A looming supply shock could cause near term pain for coffee companies — but one company is well positioned to weather the storm with an affordable alternative that’s in high demand right now…
Talk about a commodity that stands up well against pretty much anything that goes on in our weird and wonderful world…
Coffee for many people is a daily elixir – a stimulating potion that balances body with flavor, aroma, and acidity.
Whether there’s war, recession, economic volatility or annoying price hikes at the local Starbucks…demand seldom wanes – coffee lovers simply can’t live without their cup of Joe.
It’s estimated that over 2.25 billion cups of coffee are consumed around the world every single day.
And it’s for this reason that coffee has consistently been an attractive vehicle for commodity investors.
Where the coffee market gets really interesting is when the forces of nature intervene.
You see, unlike commodities such as minerals or oil, production for coffee depends greatly on weather. Weather determines whether a harvest is abundant or a bust.

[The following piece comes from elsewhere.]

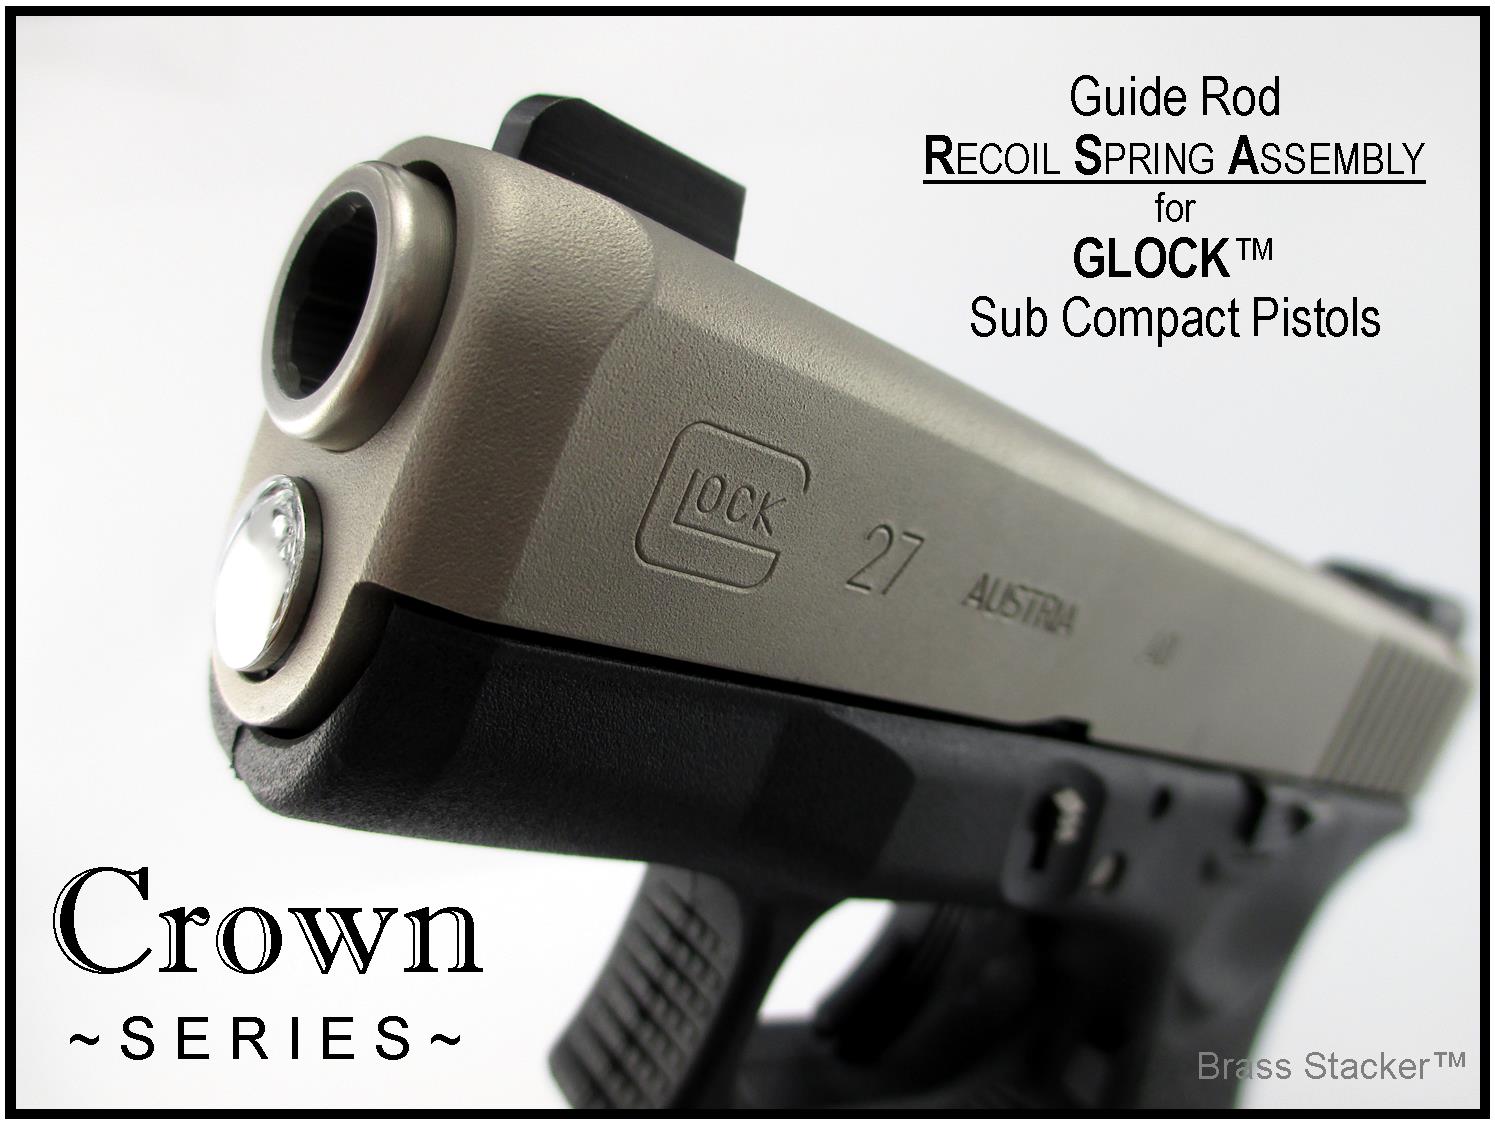 Brass Stacker™ RSA for Glock™ Sub Compact Frame Pistols

With the proper combination of climate, moisture, sunshine, and shade, coffee plants will produce a rich abundance of “cherries” from which farmers can then extract the coveted coffee beans from to be processed for eventual sale.

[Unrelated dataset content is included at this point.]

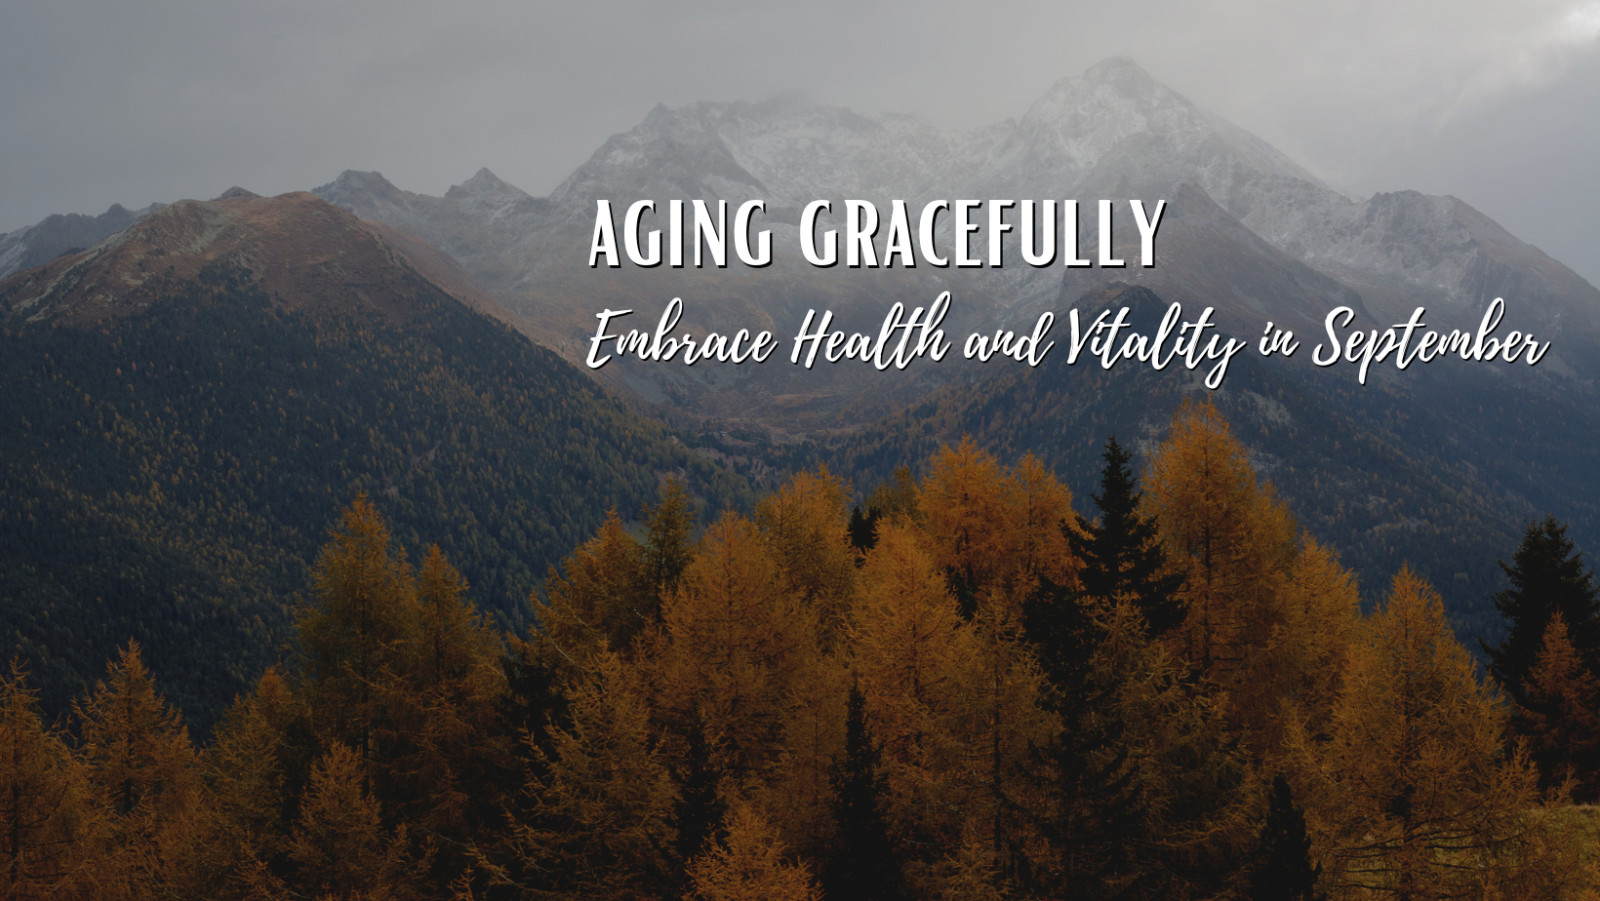 Aging Gracefully: Embrace Health and Vitality in September

When there’s a healthy harvest, the high yield usually translates to lower prices for the end-consumer.
However, when a harvest takes a turn for the worst, especially in major producing regions, global coffee prices can easily soar through the roof.
Back in 2011, severe drought, flooding and other weather events decimated crops around the world and sent coffee prices soaring 40% from the year before.

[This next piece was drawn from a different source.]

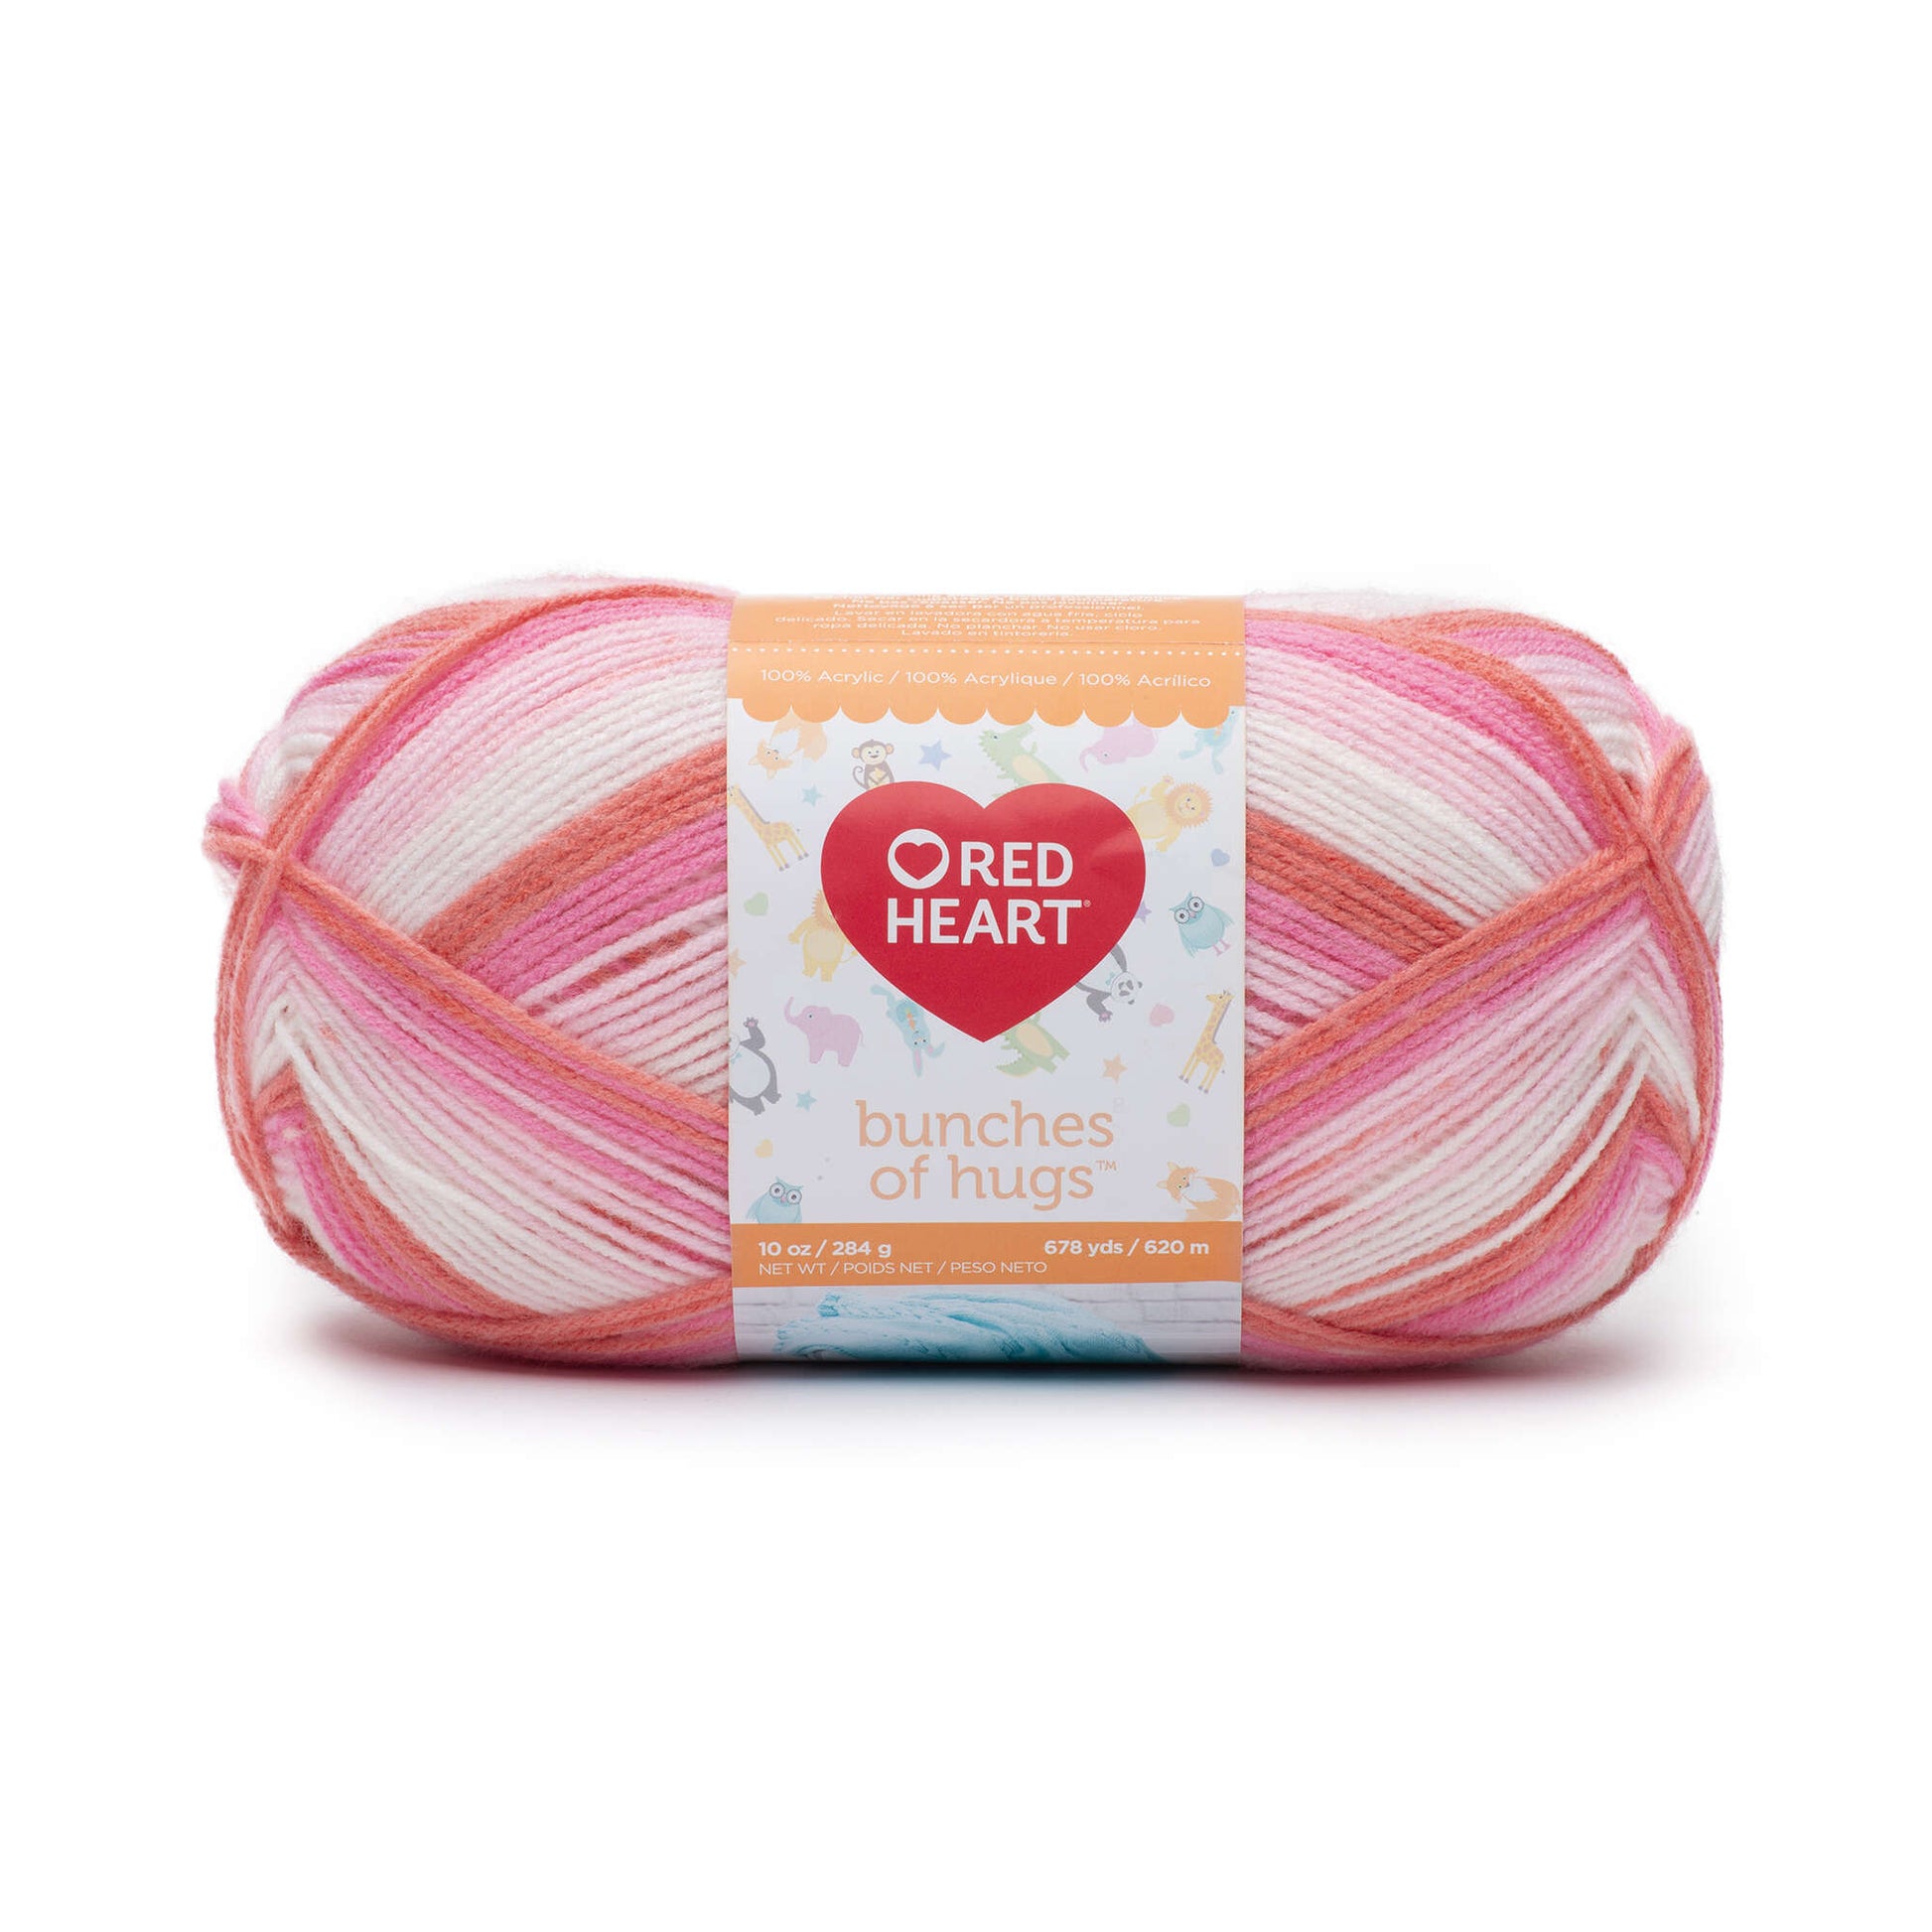 Red Heart Bunches of Hugs Yarn

Since then, coffee farmers have enjoyed relatively healthy harvests, resulting in a steady price decline.
But this year, Indonesia, the world’s third largest producer of robusta coffee beans, is experiencing torrential rainfall. In fact, as much as twice the 30-year average has fallen since April according to MDA Weather Services.
Robusta Supplies Not So “Robust”
Dutch investment firm Nedcoffee reports that deliveries of beans from Indonesia are down about 16 percent in the five months ending August 2nd.
Robusta is widely considered the cheaper and lower quality bean compared to the more coveted arabica. As such, arabica beans are most often found in retail coffee shops such as Starbucks and sold as whole beans while robusta beans tend to be packaged into instant coffees and other quick-serve methods.
It’s predicted that robusta inventories certified by NYSE Liffe could fall 34% to 52,000 metric tons by year end – the lowest level since May 2000.
In turn, Bloomberg traders are predicting that robusta coffee futures will gain 13 percent to $2,000 a ton during that span.
Adding to the upward pressure is second-ranked Vietnam who isn’t expected to ship their next robusta harvest for another three months.
Now that robusta prices are expected to pick up momentum in the coming months, what is the best stock to take advantage of Indonesia’s woes?
In the next 3 to 6 months, coffee companies with greater exposure to the arabica bean won’t be seeing their margins squeezed like they will with declining robusta supplies.
Brazil, the world’s largest producer of arabica beans, has seen record production over the last two years, translating into a supply glut that’s kept arabica futures down.
Last year’s harvest in Brazil reached 50.8 million bags while this year is expected to hit 48.6 million, according to the International Coffee Organization.
Best Stock to Buy Today:
With a higher-quality yet affordable alternative in arabica beans, investors may want to consider a company such as Green Mountain Coffee Roasters Inc. (NASDAQ:GMCR) who offers exclusively arabica beans in their products.
Founded in 1981, Green Mountain Coffee is a specialty coffee maker who took the world by storm in the 2000’s when it introduced the Keurig Single Cup brewing system into households around the world.
K-cups have become all the rage, with tens of millions of people now paying per cup of coffee that they brew in their own homes.
And the success of K-cups has not lost steam despite a couple of GMCR’s patents expiring late last year which is opening up the doors to more competition.
In fact, it’s fresh off its fifth earnings beat in a row and hit a new 52-week high after NASDAQ announced that the company joined the prestigious NASDAQ-100 market gauge on August 22nd.
Even after Starbucks announced its own single-brew cup and machine system, Verismo last fall, neither GMCR nor Keurig were fazed. Ironically, Starbucks has expanded on its existing partnership with the K-Cup system rather than going full tilt on Verismo.
Increased business from the coffee goliath is only going to mean one thing: more GMCR coffee being sold.
What’s more, GMCR knows that they can’t stand idly by while more competitors come into the fold. That’s why they aren’t content with just their coffee offerings even though their lineup currently boasts some 32 brands and 200 varieties of coffee.
During the Company’s summer quarterly earnings call, they explained that they intend to pursue opportunities in other products including juices, carbonated beverages, sports drinks and enhanced waters.
Needless to say, the doors are wide open for GMCR as they look poised to close out the year on a very profitable note.